A Row Is Brewing At The ECB

A day for central bankers and maybe the hint of a row brewing within the ECB. After days of jitters, euro zone bond markets were calmed a little this week when ECB policymaker Benoit Coure said the central bank's government bond-buying programme could be revived if Spain started teetering.

That is decidedly not what the orthodoxists in Frankfurt would have wanted to here. They are already worried that the creation of more than a trillion euros of three-year money could be stoking future inflation and creating addicted banks and feel that the bond-buying programme crosses a red line — that the ECB should not fund governments.

We know Bundesbank chief Jens Weidmann has been leading the charge to at least talk about an exit strategy from the ECB's extraordinary policy stance "“ something the top man, Mario Draghi, slapped down pretty bluntly last week — and Orphanides, the ECB man from Cyprus, was out last night saying individual central bankers should not be making any commitments about bond-buying, a clear swipe at Coure.

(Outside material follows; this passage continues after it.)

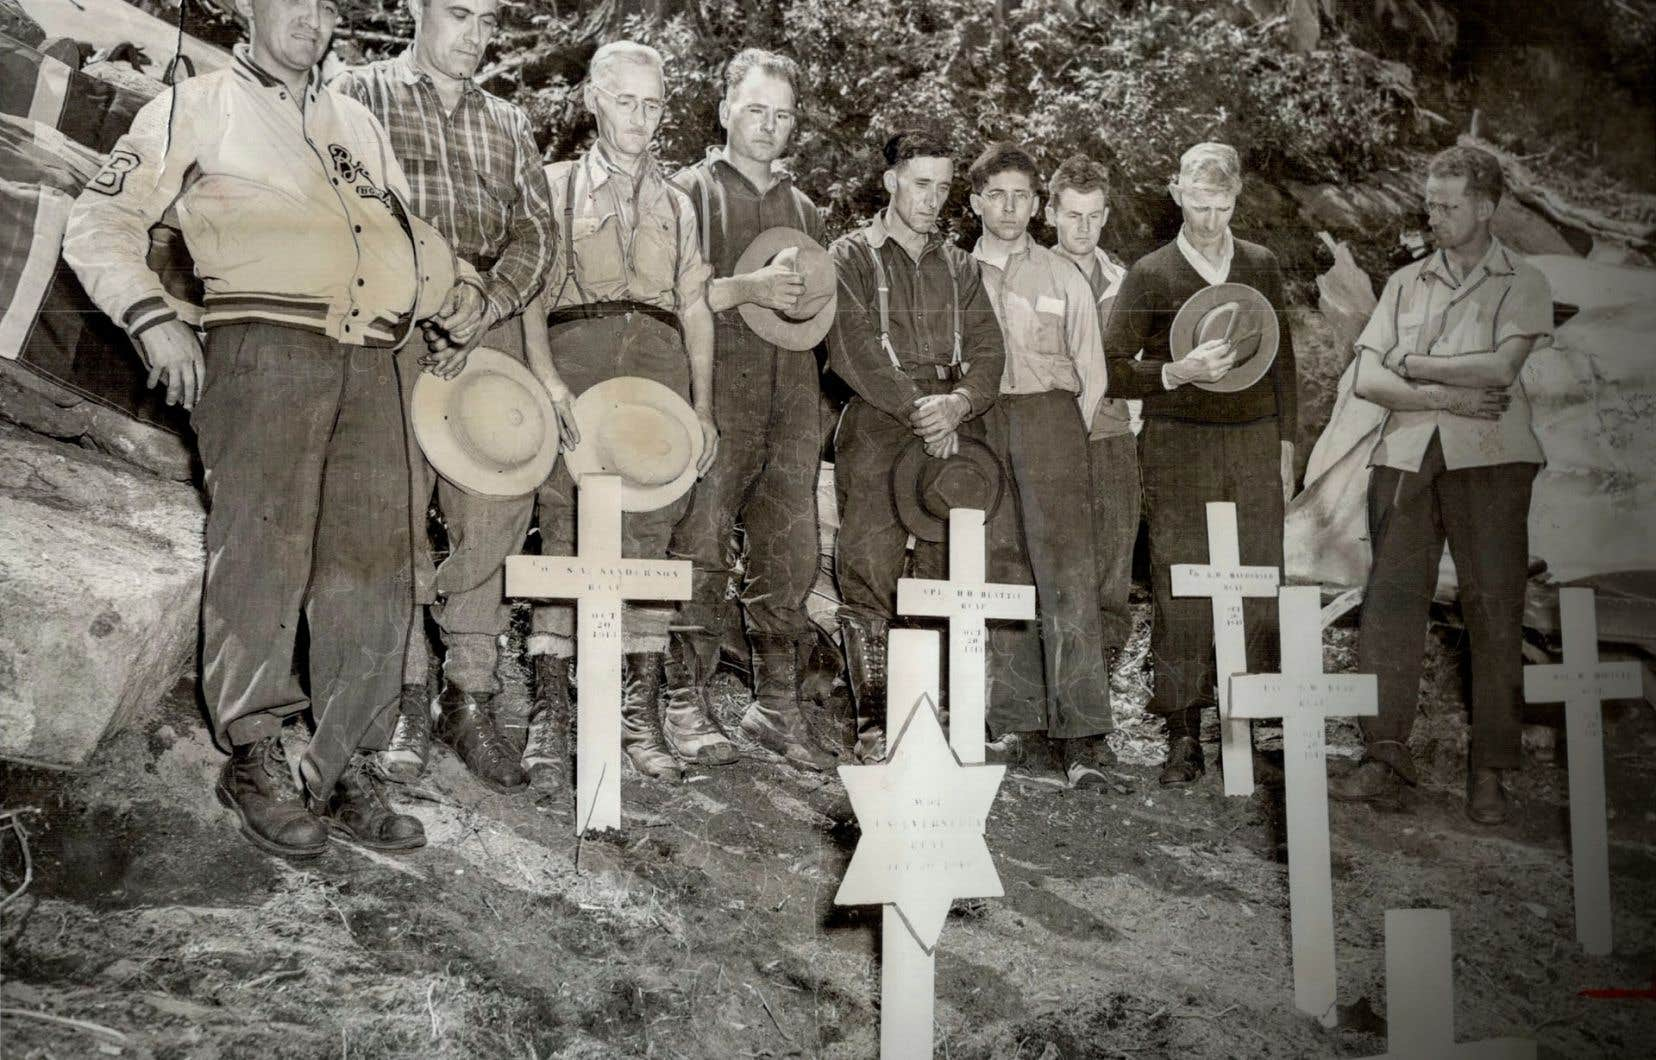 Le père de Steve Sanderson (deuxième à gauche) a ainsi nommé son fils en souvenir de son frère, Stephen Andrew Sanderson, mort dans l'écrasement de l'avion qu'il pilotait.

The new line-up at the ECB appears more collegiate and pragmatic than their predecessors, so don't expect any flouncing out as the German duo Axel Weber and Juergen Stark did last year. But given that the ECB has been the consistent guarantor and decisive actor during the debt crisis so far, any signs of a split are not likely to do anything for markets' nerves. Germany's Joerg Asmussen, Dutch central banker Klaas Knot and France's Christian Noyer are all speaking today.

The focus is already shifting to the IMF annual meeting which starts this time next week with Lagarde saying yesterday that more crisis-fighting funds were needed, though maybe not as much as had been thought as risks were receding (the Spanish will be heartened and maybe surprised to hear that!). The deal may not be done next week though and she emphasized that IMF resources would be devoted to protecting non-euro zone countries caught up in the turmoil. That may be the political message she needs to deliver to make headway.

Spain put another plank of its austerity drive in place last night, passing a law in parliament to allow the central government to intervene within nine months in the finances of autonomous regions that do not comply with strict deficit reduction rules. But look at the charts, and what has happened to Spanish bond yields, and it is clear from the way they have lurched up since Rajoy rejected a previously agreed deficit target that Madrid has some way to go to rebuild confidence.

There are also media reports that the Dutch government is close to clinching a deal on budget cuts which its coalition partners and opposition parties had set their face against. That's a big deal if true. There was a real prospect of the government falling and the  causing problems for the ratification of tough new EU fiscal rules which have gone some way to convincing investors that a new debt cataclysm can be avoided.